### SOURCE DATA ###

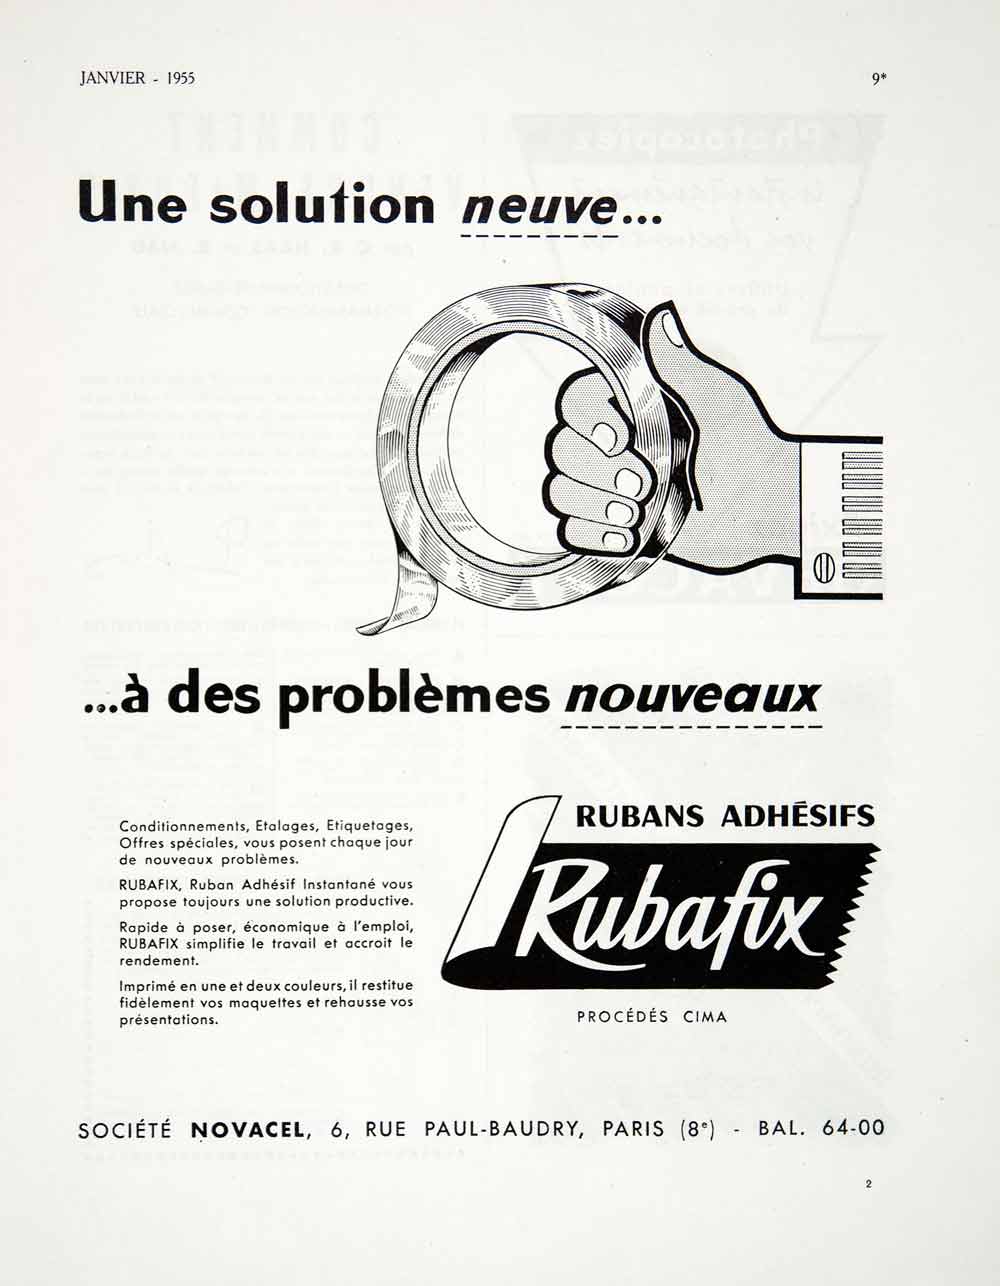 1955 Ad French Advertisement Rubafix Adhesive Tape Novacel Rue Paul-Baudry VEN2
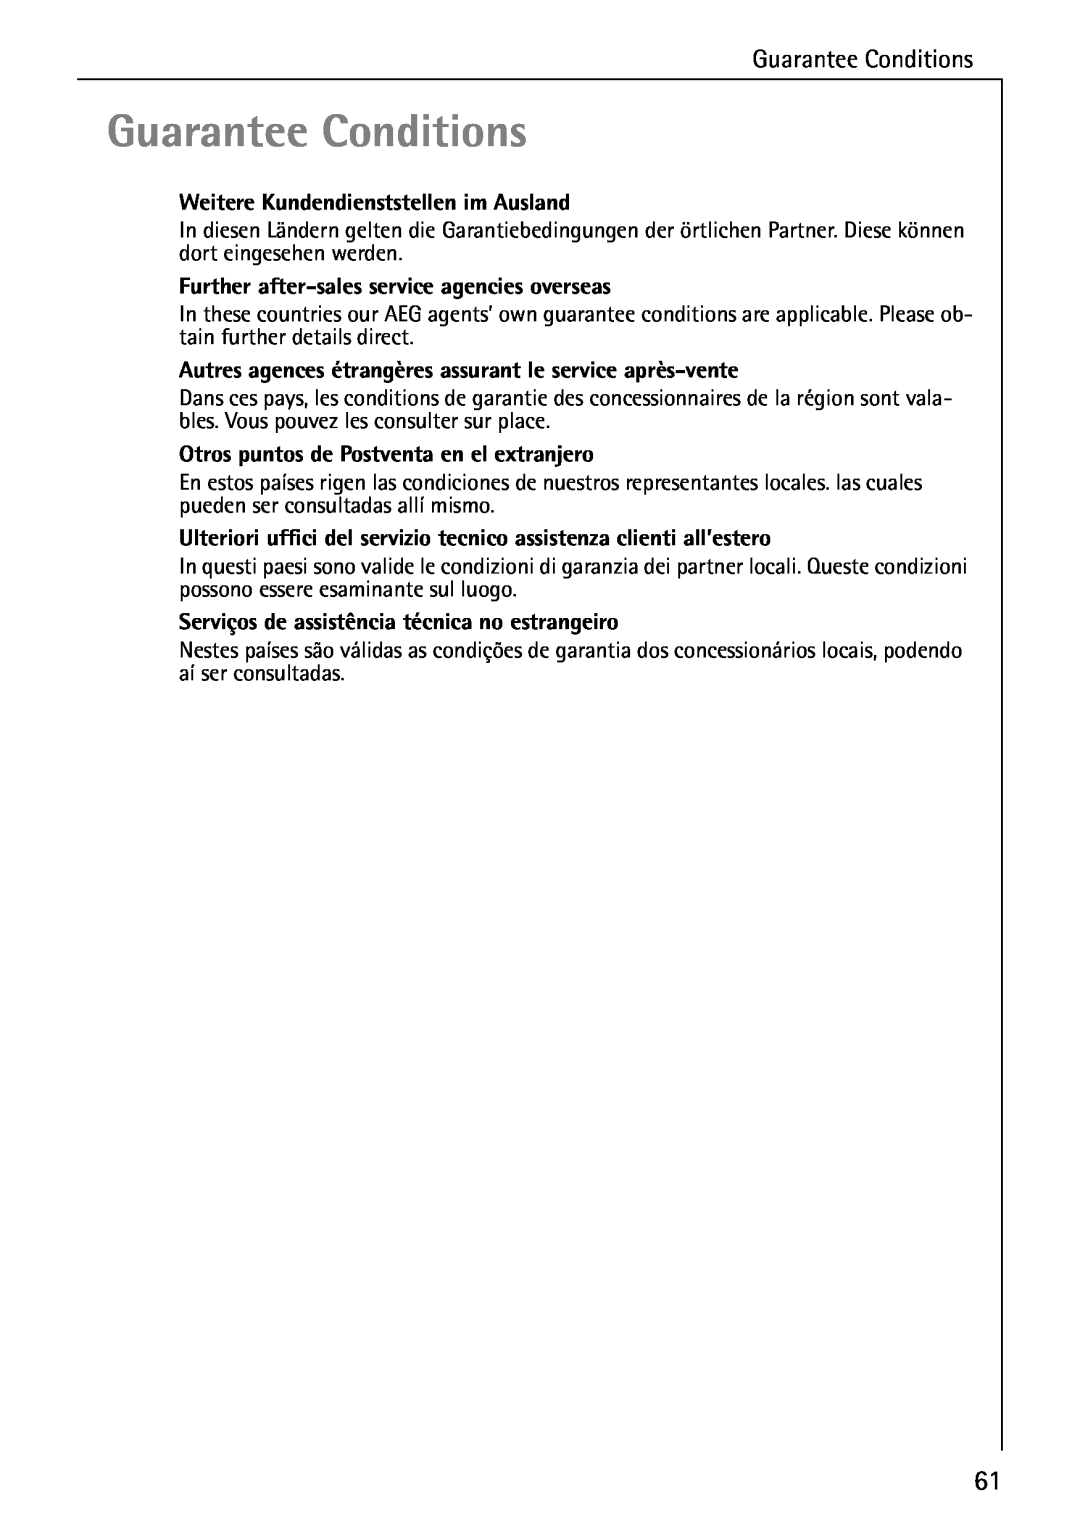 AEG E4100-1 manual Guarantee Conditions 
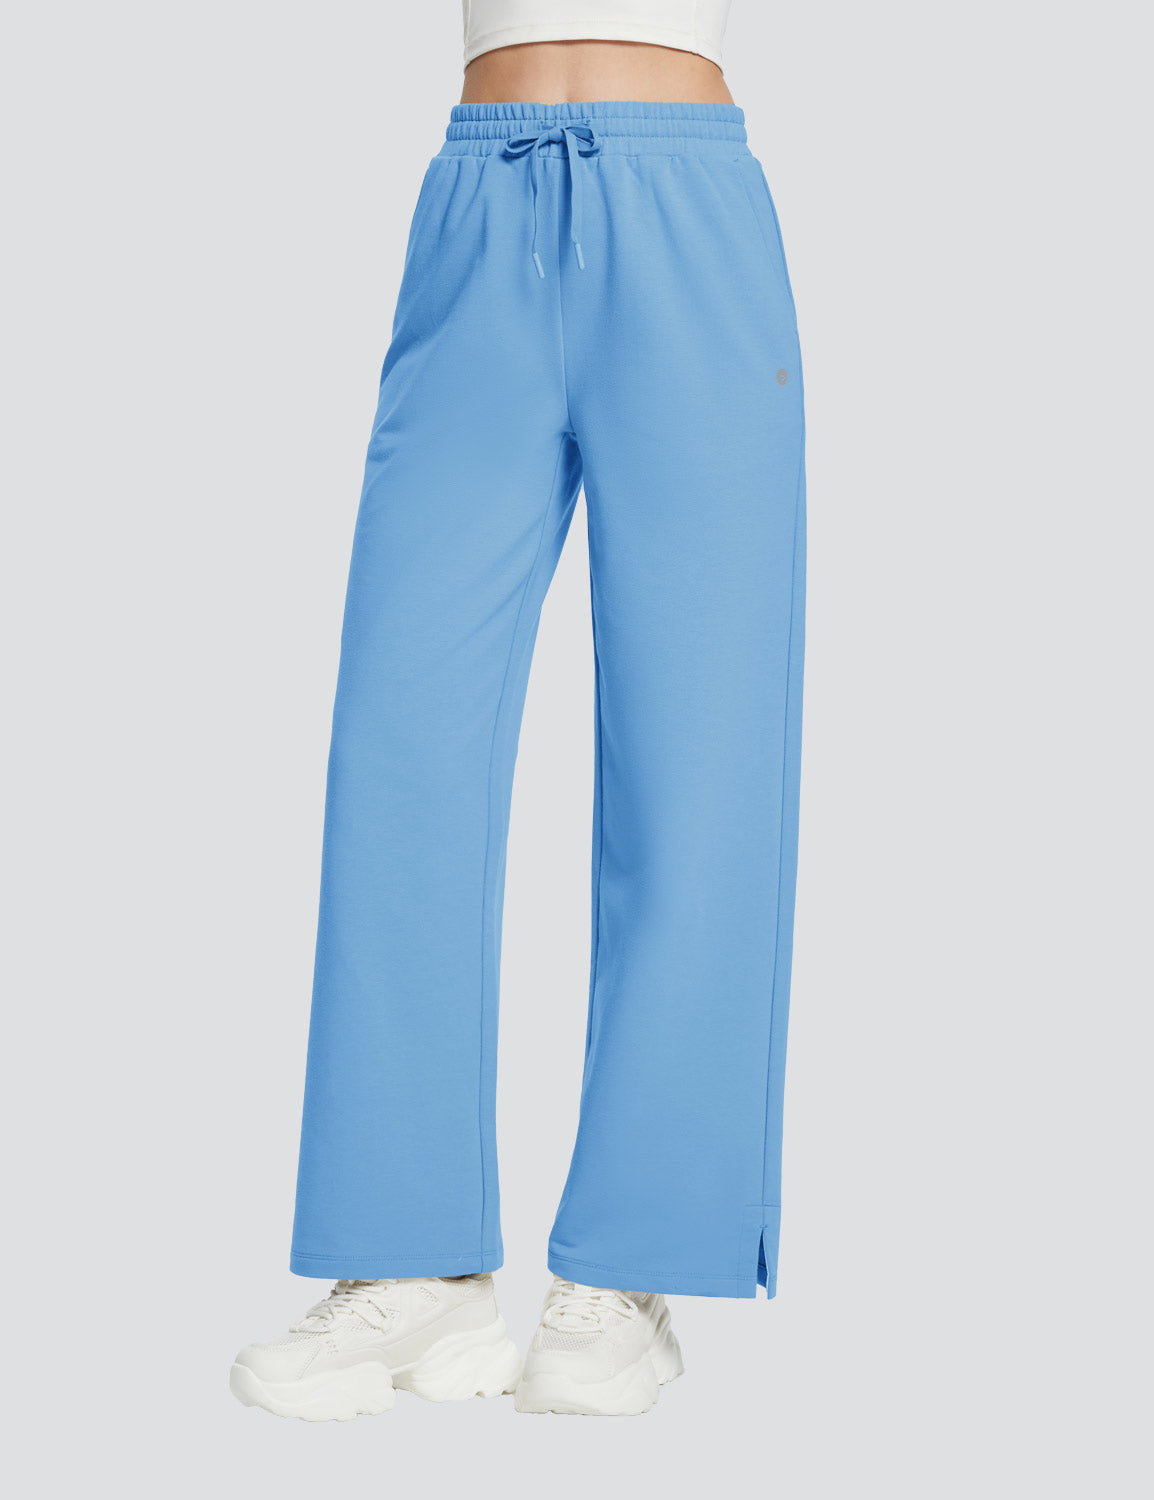 Baleaf Summer Trousers: sale at £9.99+
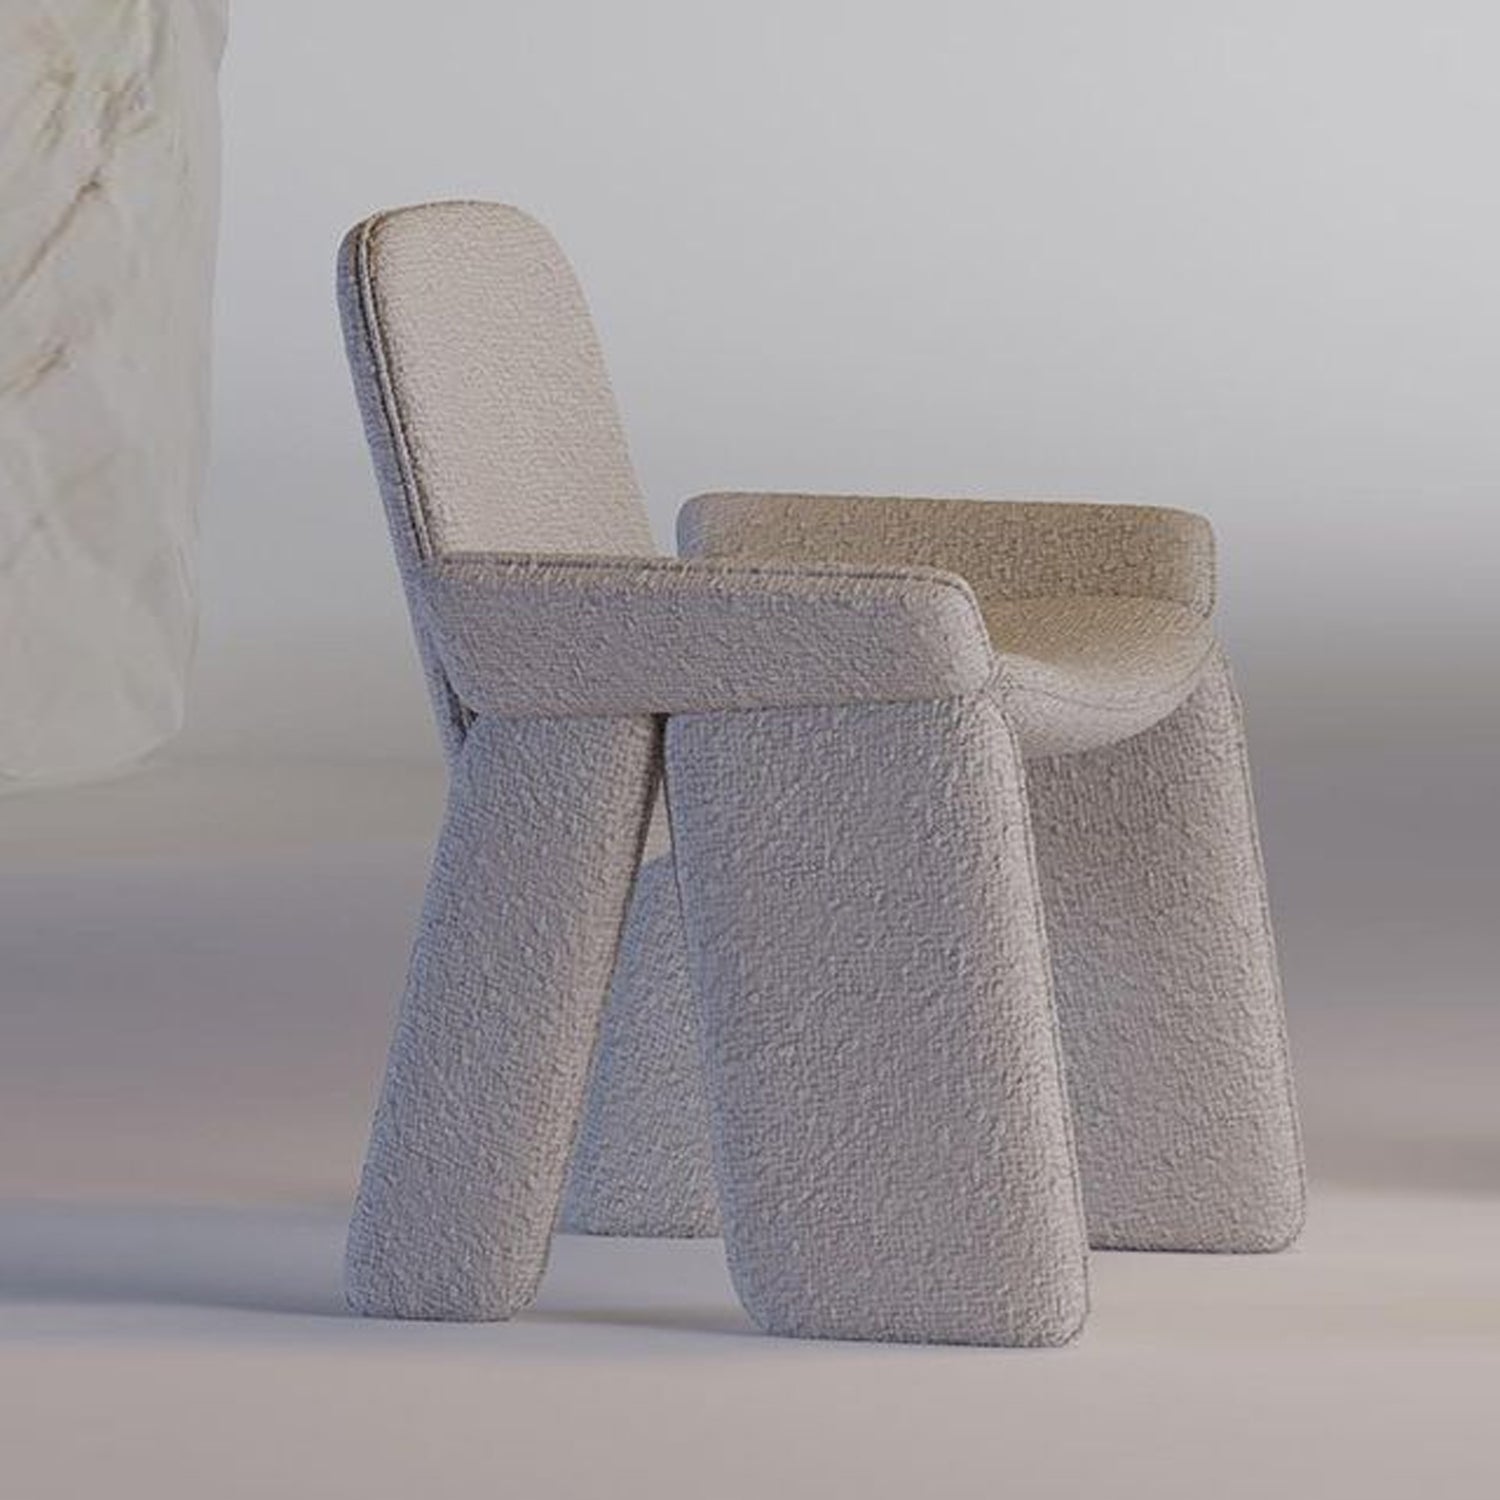 Lounge chair CUT - UKRAINIAN PRODUCT DESIGN
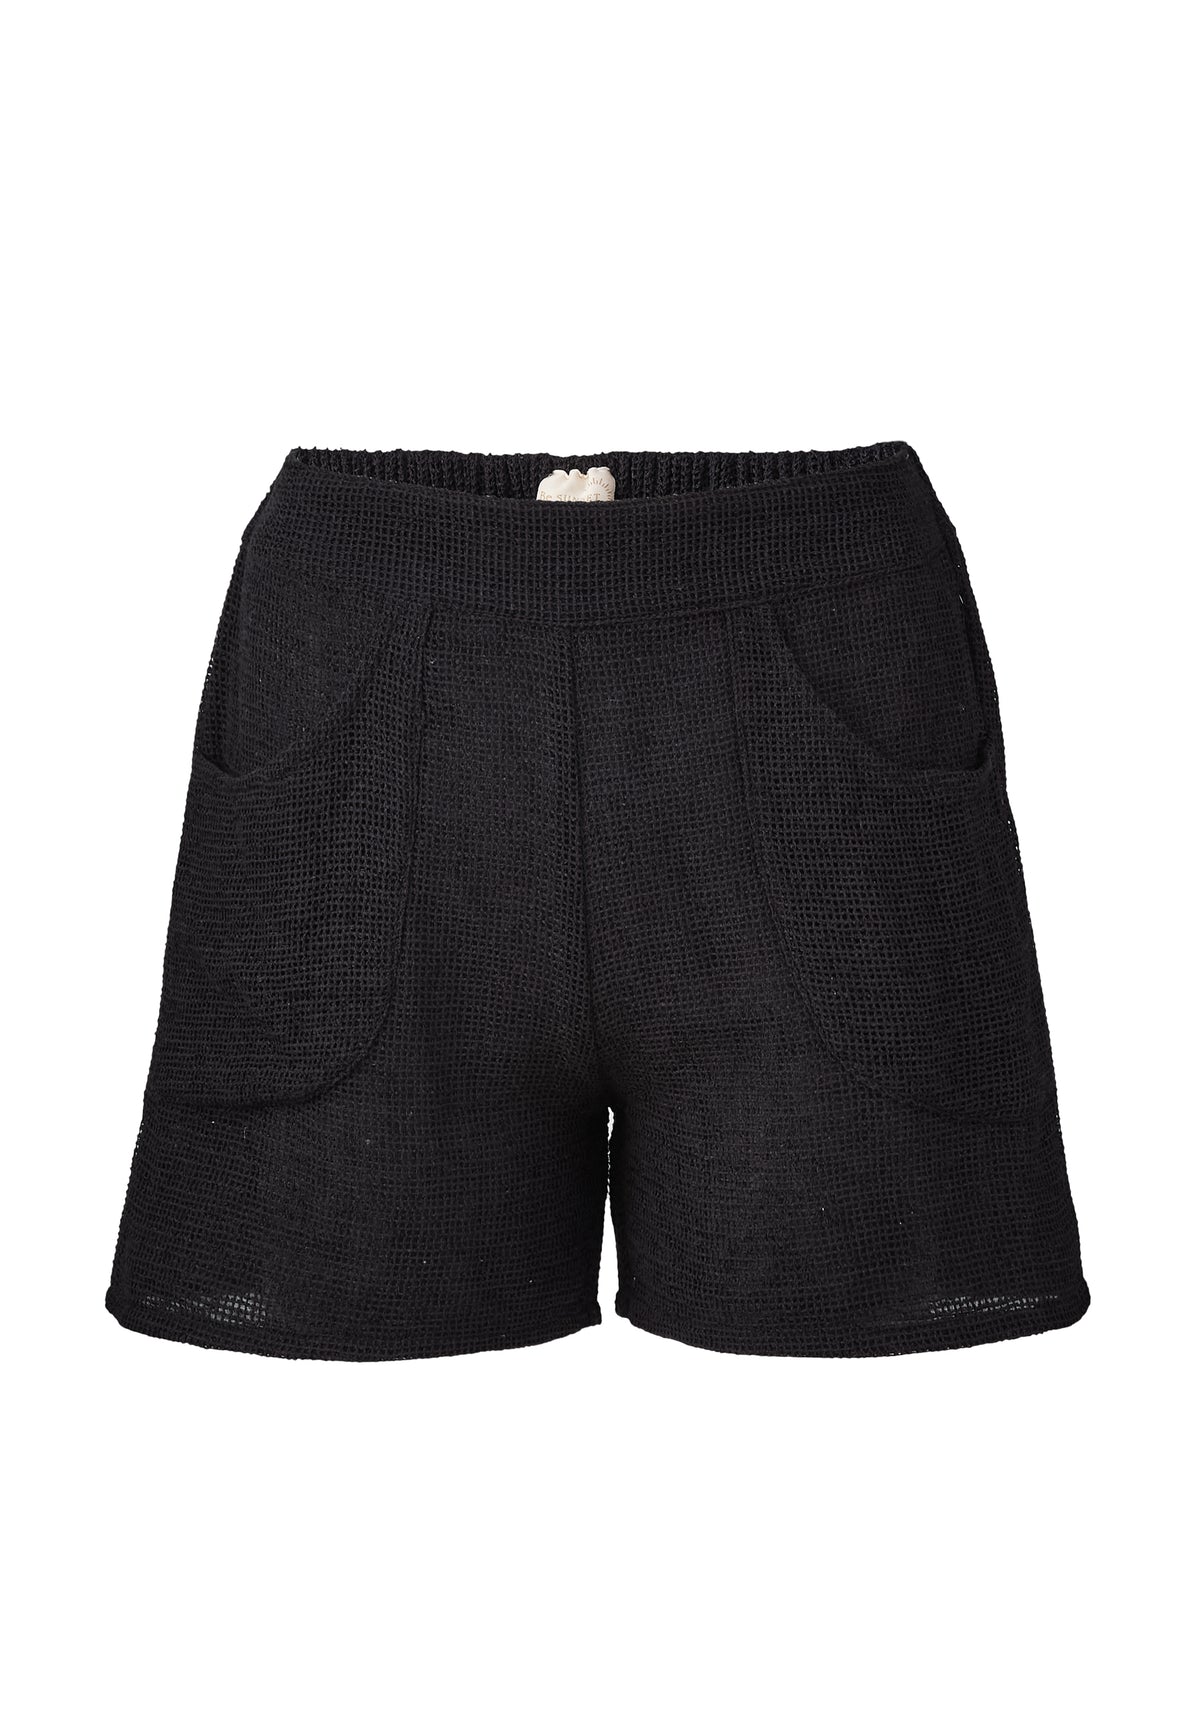 Bay Black Shorts

###

◆ **WORK TO COMPLETE**
From the line that contains "AEG E4100-1 manual Guarantee Conditions" down to the last line of the entries above, copy every line exactly and leave out the pictures.

◆ **RESULT FOR THIS TASK**
 AEG E4100-1 manual Guarantee Conditions 
 Baleaf Summer Trousers: sale at £9.99+
 Lounge chair CUT - UKRAINIAN PRODUCT DESIGN
 Bay Black Shorts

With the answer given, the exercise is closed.